Idk for this one either, really. You might be right, and that it just got away from Saunders. But Halt is endlessly ancient and powerful, but she's also just one shard of her former self, squeezed into The Peace, wasting a lot of power just to make herself able to interact with regular people. She needs to be able to strip electrical wires and all she has is a hammer with the mass of a moon. All of the old Short List sorcerors are this way, supposedly, or were never very strong in the first place and are just unendingly durable.

Blossom has sort of the same problem, on a smaller scale. She's really strong and talented, but her 'ascension' was flawed and she has trouble until the Round House crew is able to intermesh with her and help her out.

Now you could read that as handwaving previous stuff, and it might even be right, but that's not how I took it.

I'm taking this to the Commonweal thread, which is a ridiculous fuckin thing to say in the SFF megathread which gets a bajillion recurring posts about all the normal standbys but a dozen Graydon-sockpuppet-posters wanting to spend a dozen posts once a month on a niche series is just too far

Hollismason
Jun 30, 2007
An alright dude.
Just finished Glen Cooks Shadows Linger , such a good drat book. I'm tempted to go ahead and order the next collection of Black Company books after I finish The White Rose however, I've still got this book Shadow and Claw by Gene Wolfe to read.

MockingQuantum
Jan 20, 2012



Hollismason posted:

Just finished Glen Cooks Shadows Linger , such a good drat book. I'm tempted to go ahead and order the next collection of Black Company books after I finish The White Rose however, I've still got this book Shadow and Claw by Gene Wolfe to read.

Fwiw opinions differ on which Black Company books are worth reading. I loved all of them, though I can see why a lot of people stop after the first trilogy.

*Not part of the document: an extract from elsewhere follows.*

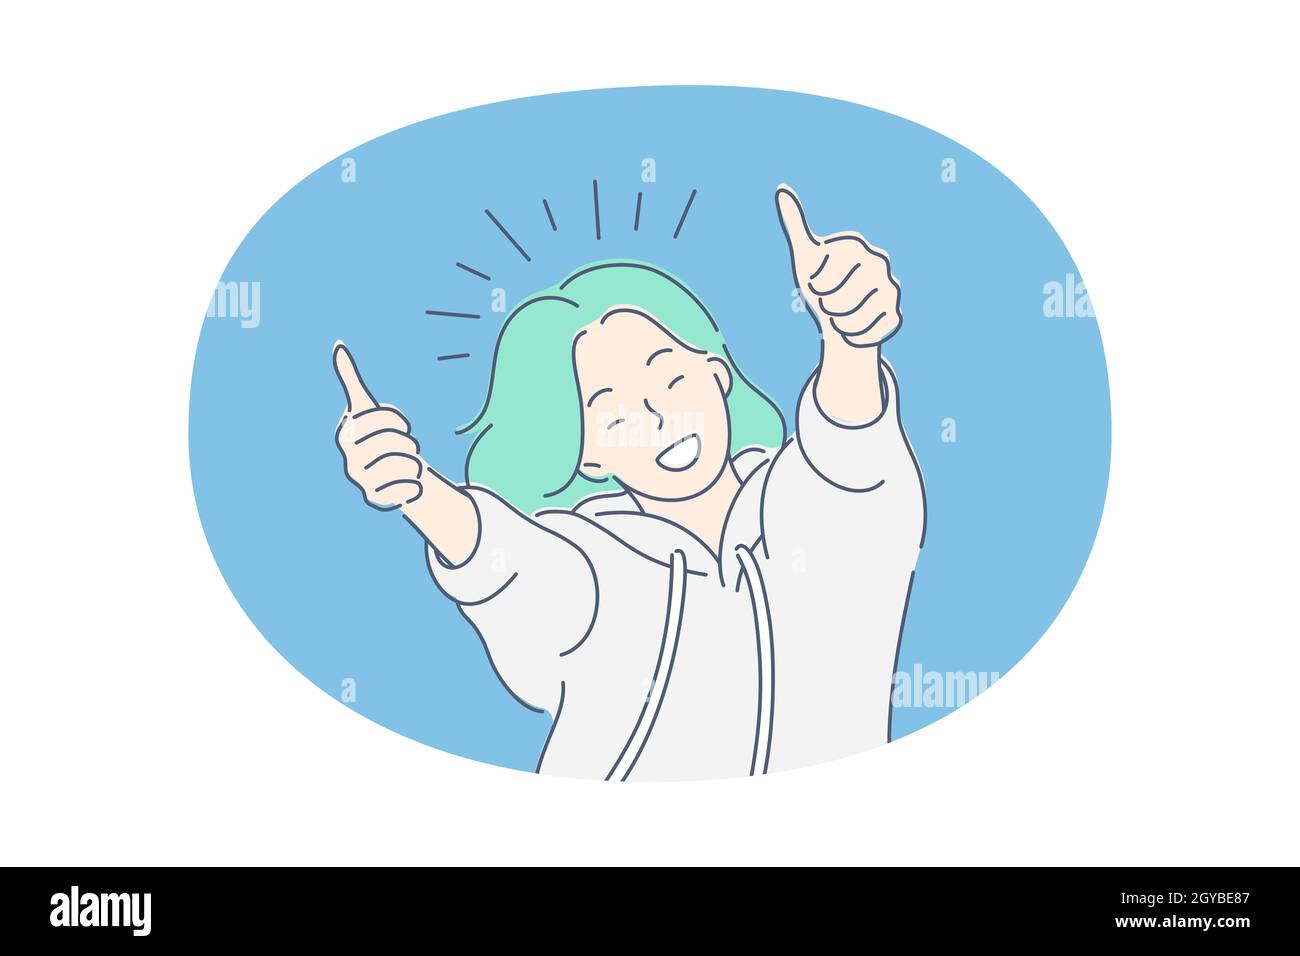 Woman expressing positive emotions concept. Young smiling woman cartoon character feeling happy and showing thumbs up good signs with fingers, showing Stock Photo

Also fwiw if you're anything like me you'll probably want to read all of the Book of the New Sun once you start it, Shadow and Claw are good but don't really end in a very satisfactory way. Not that that's surprising, by all accounts Wolfe didn't want the books split up at all, so I guess in a sense you're only reading half of the story, in a way that feels much more obvious than the way a lot of duologies/trilogies/whatever are written now.

Hollismason
Jun 30, 2007
An alright dude.

MockingQuantum posted:

Fwiw opinions differ on which Black Company books are worth reading. I loved all of them, though I can see why a lot of people stop after the first trilogy.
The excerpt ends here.